Эрленд застыл на месте. Краска сбежала с его лица и вновь прихлынула к щекам. Потом он повернулся и, ни слова не сказав, вышел из горницы.
Жена его не шелохнулась – и долго стояла неподвижно, прижав к подбородку кулаки и устремив взгляд на огонь.
Потом вздернула голову… Медленно выдохнула воздух. Один раз в жизни она должна была высказать ему всю правду»
Внезапно она услышала стук подков на дворе – по звуку шагов она поняла, что кто-то вывел лошадь из конюшни. Кристин скользнула через дверь на галерею и, укрывшись за выступом стены, выглянула во двор.

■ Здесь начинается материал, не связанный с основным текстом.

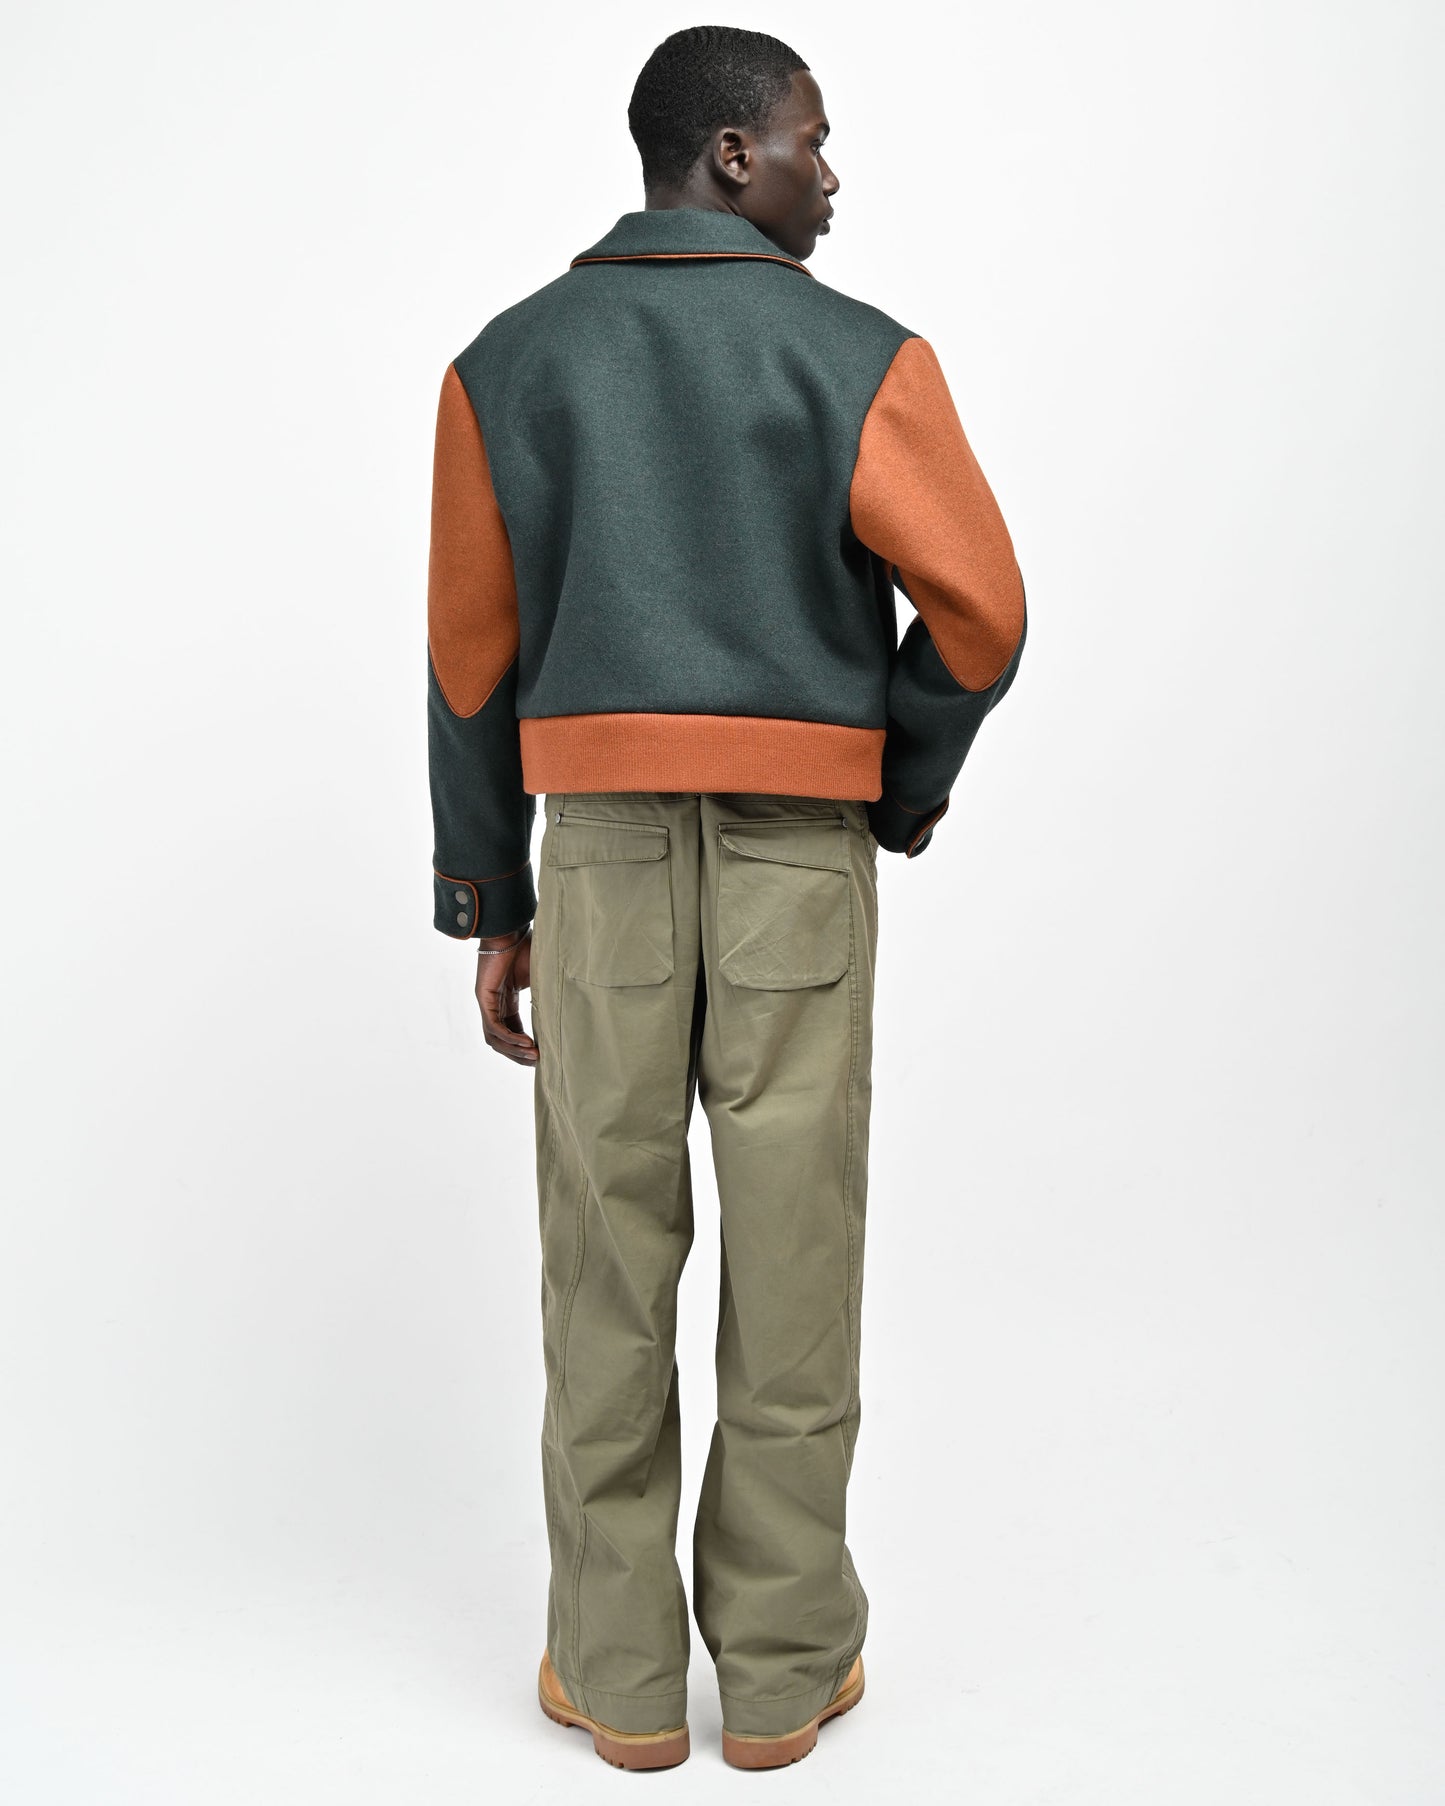 Back View of model wearing Green Rue Varsity Jacket by Aseye Studio

Ночная тьма уже рассеивалась. Во дворе стояли Эрленд с Ульвом, сыном Халдора. Эрленд держал под уздцы оседланного коня, на нем самом был дорожный плащ. Мужчины обменялись какими-то словами, которых она не расслышала. Потом Эрленд вскочил в седло и шагом поехал к северной калитке; он не оглядывался, но все время о чем-то говорил с Ульвом, который шел рядом с его конем.
Когда они скрылись между плетнями, она выбежала во двор, стараясь не шуметь, добралась до калитки и там остановилась, прислушиваясь: ее ухо уловило, что Эрленд пустил Сутена рысью по проезжей дороге.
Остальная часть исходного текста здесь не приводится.